> [COLLECTED MATERIAL]
§ §
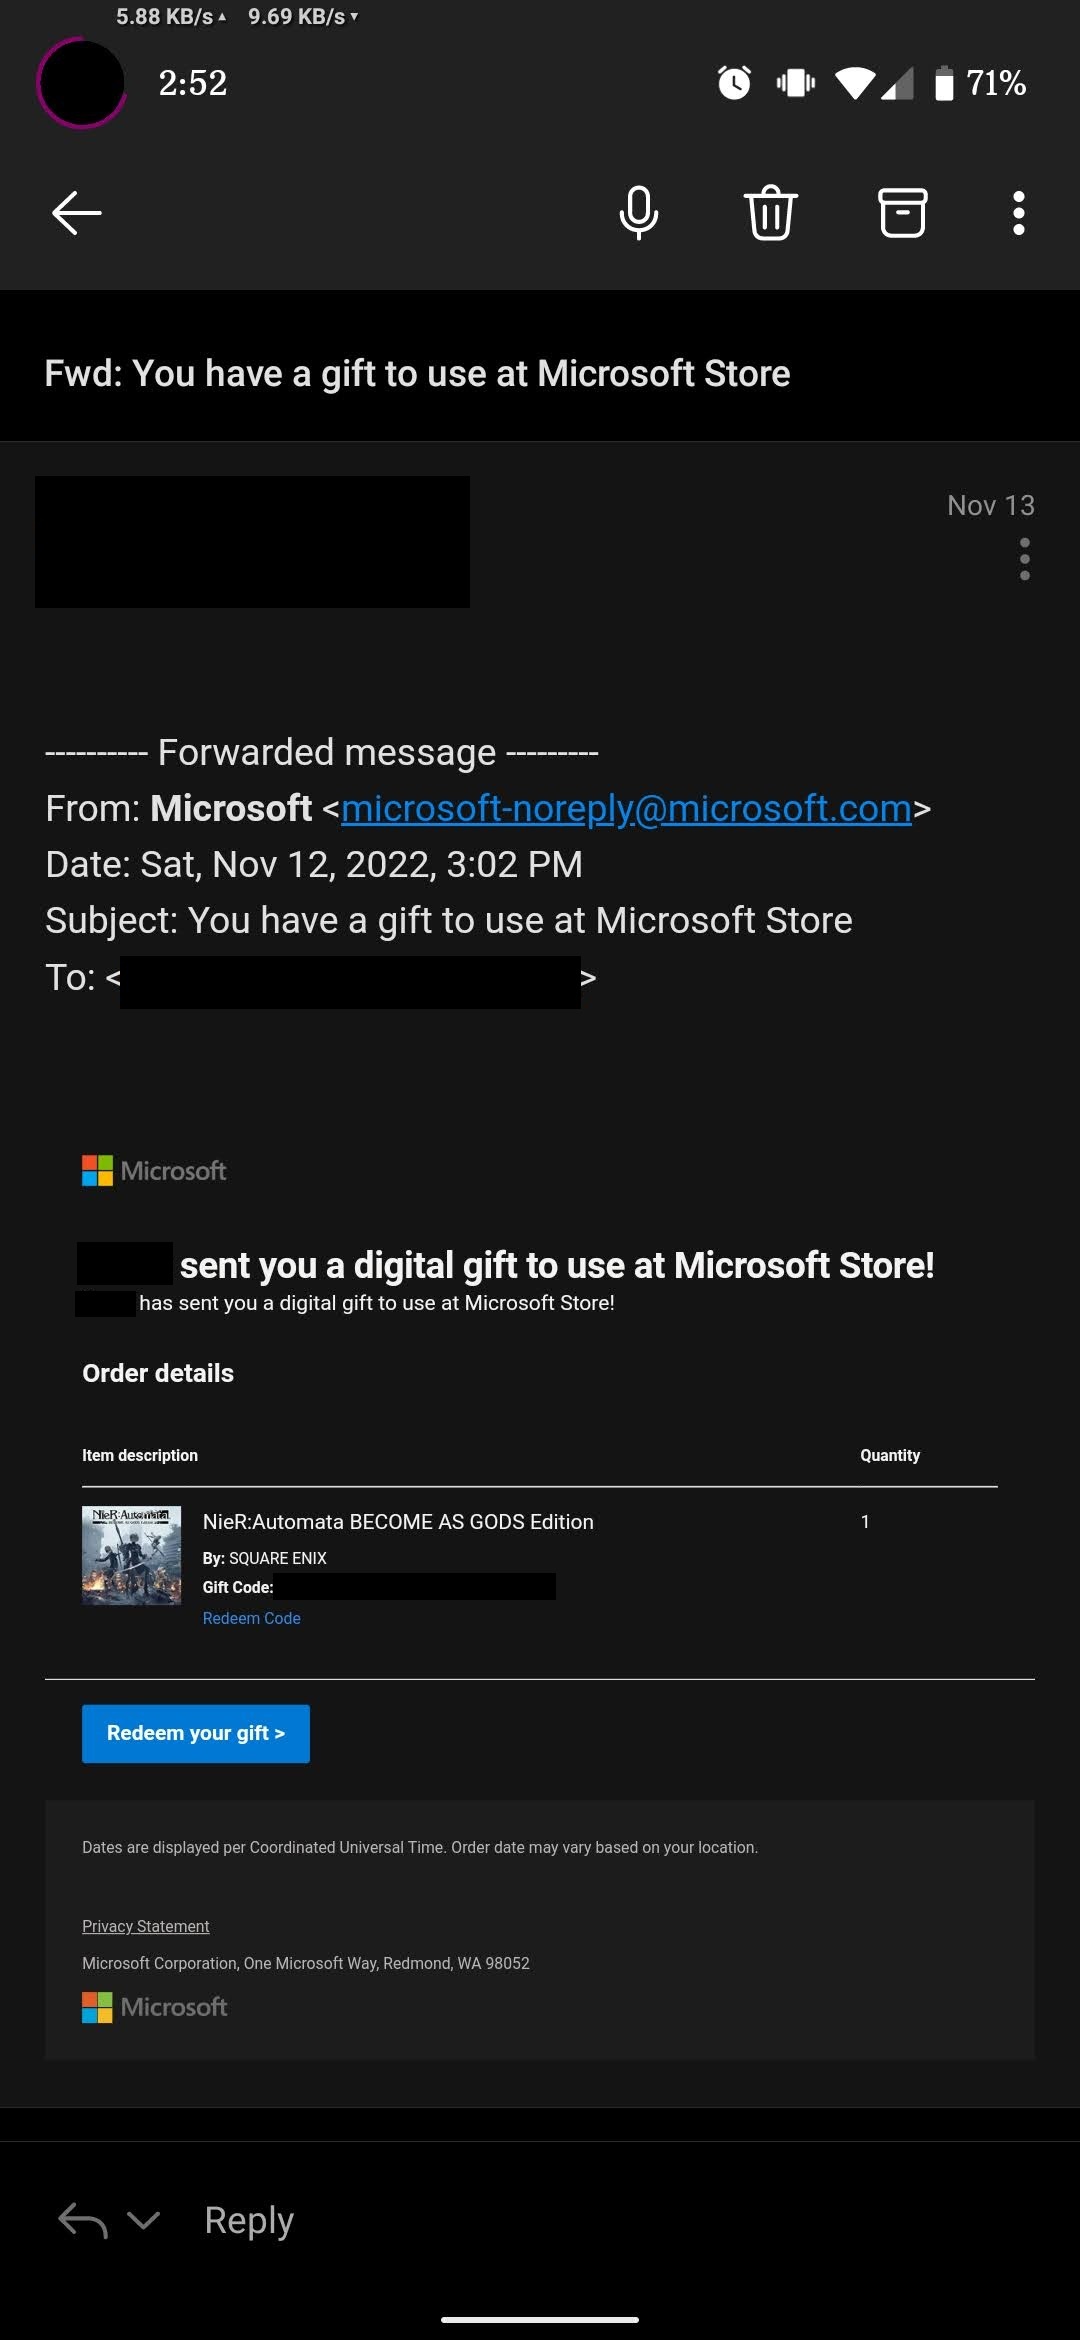 Mediator vinde Lagring How can I dispute a refund request that was denied? - Microsoft Community
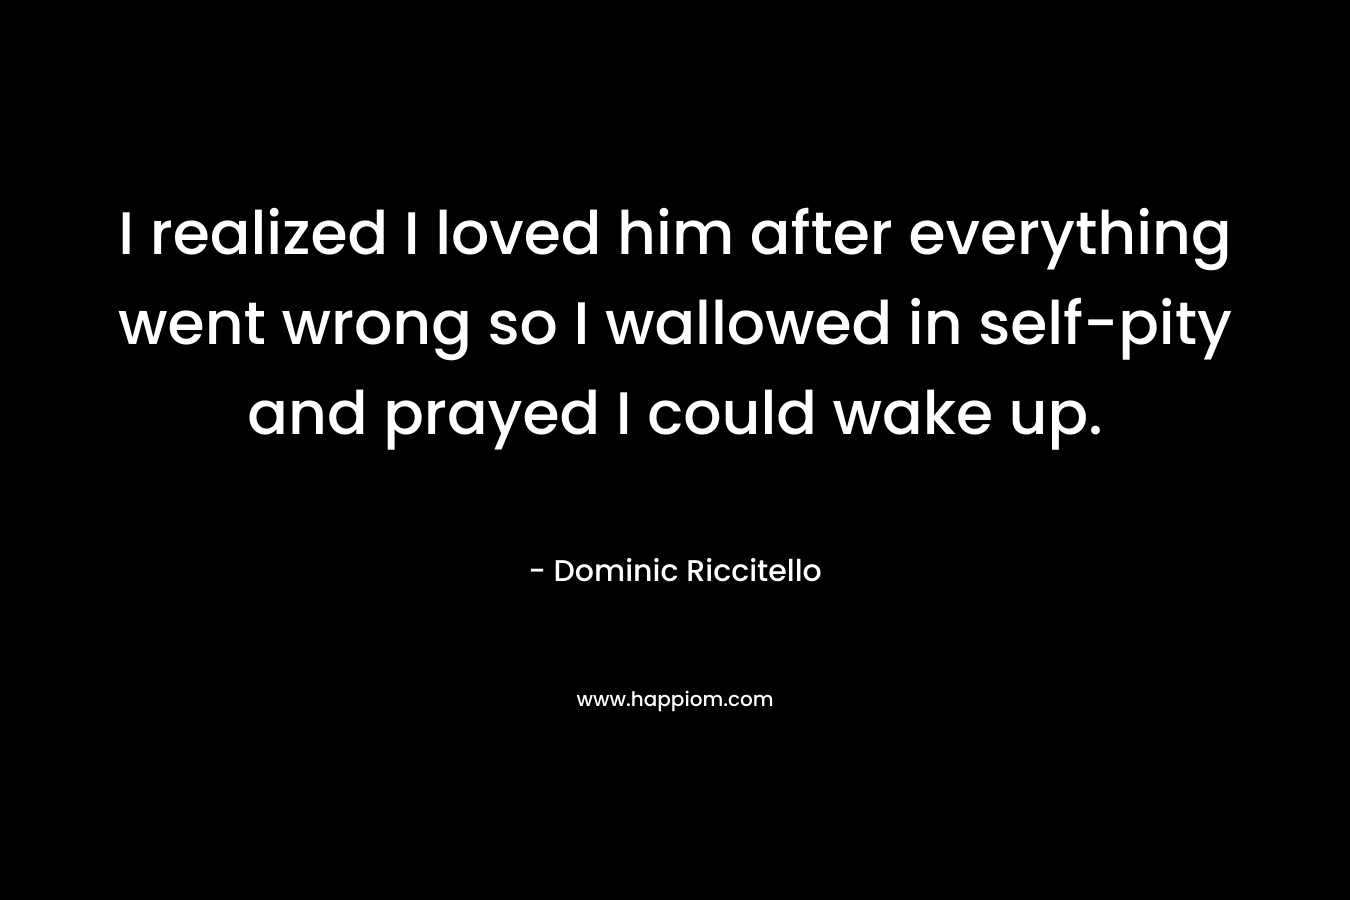 I realized I loved him after everything went wrong so I wallowed in self-pity and prayed I could wake up.
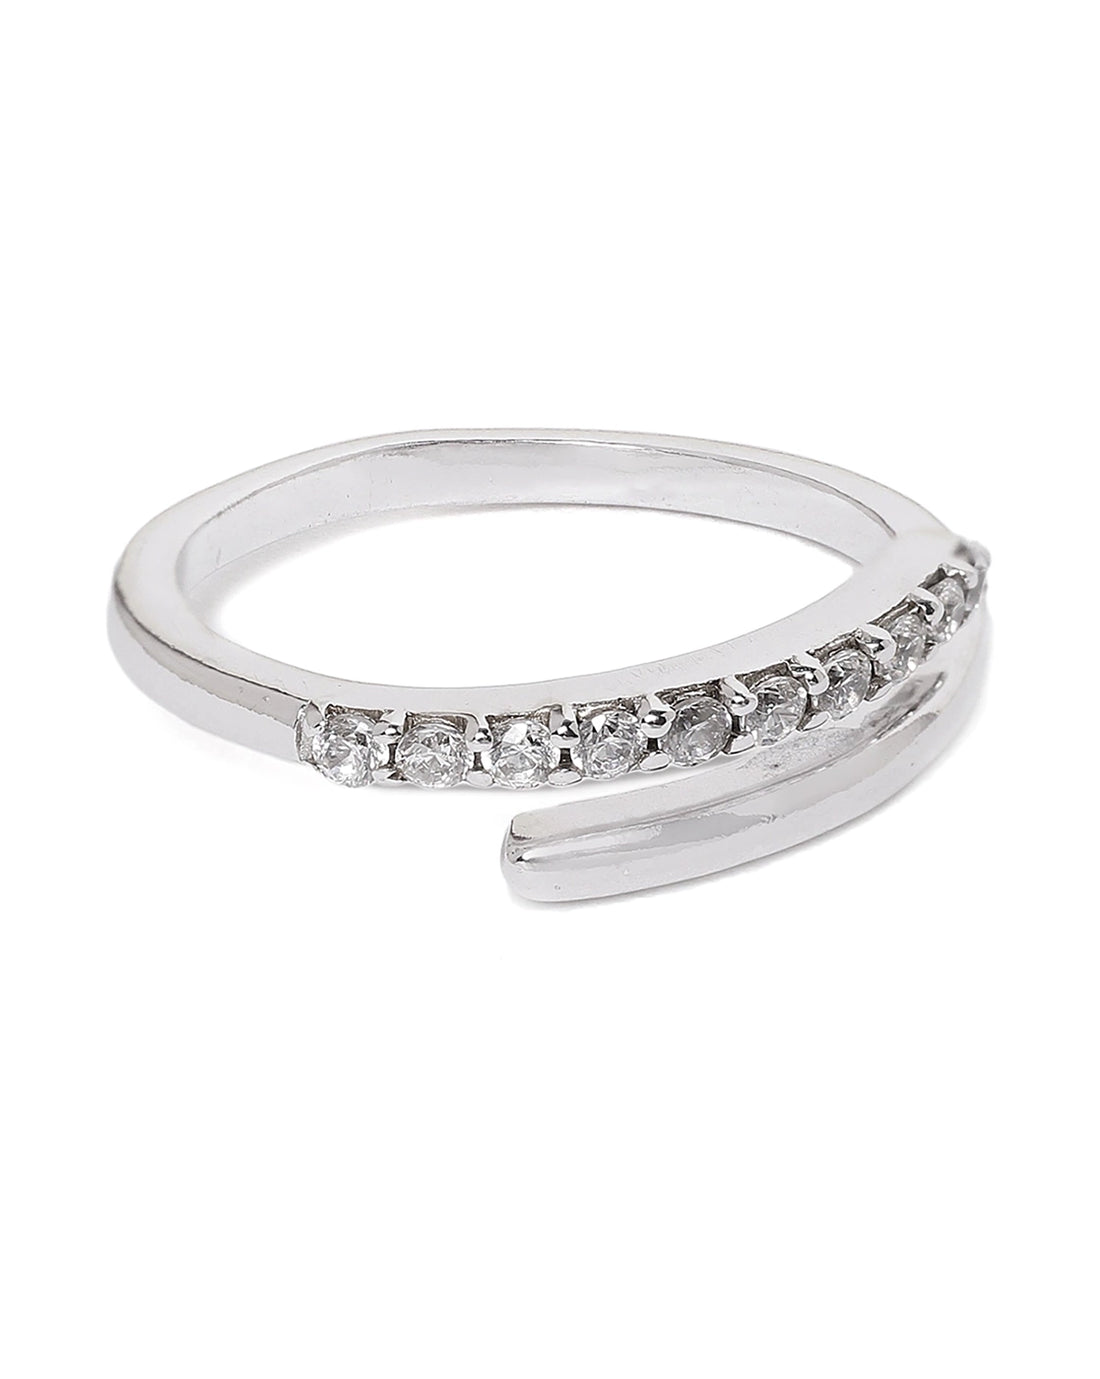 Carlton London Rhodium Plated Silver Toned Cz Studded Adjustable Finger Ring For Women
§ §
All of the material above should be set down again exactly, though not its pictures.

 Mediator vinde Lagring How can I dispute a refund request that was denied? - Microsoft Community
 I realized I loved him after everything went wrong so I wallowed in self-pity and prayed I could wake up.
 Carlton London Rhodium Plated Silver Toned Cz Studded Adjustable Finger Ring For Women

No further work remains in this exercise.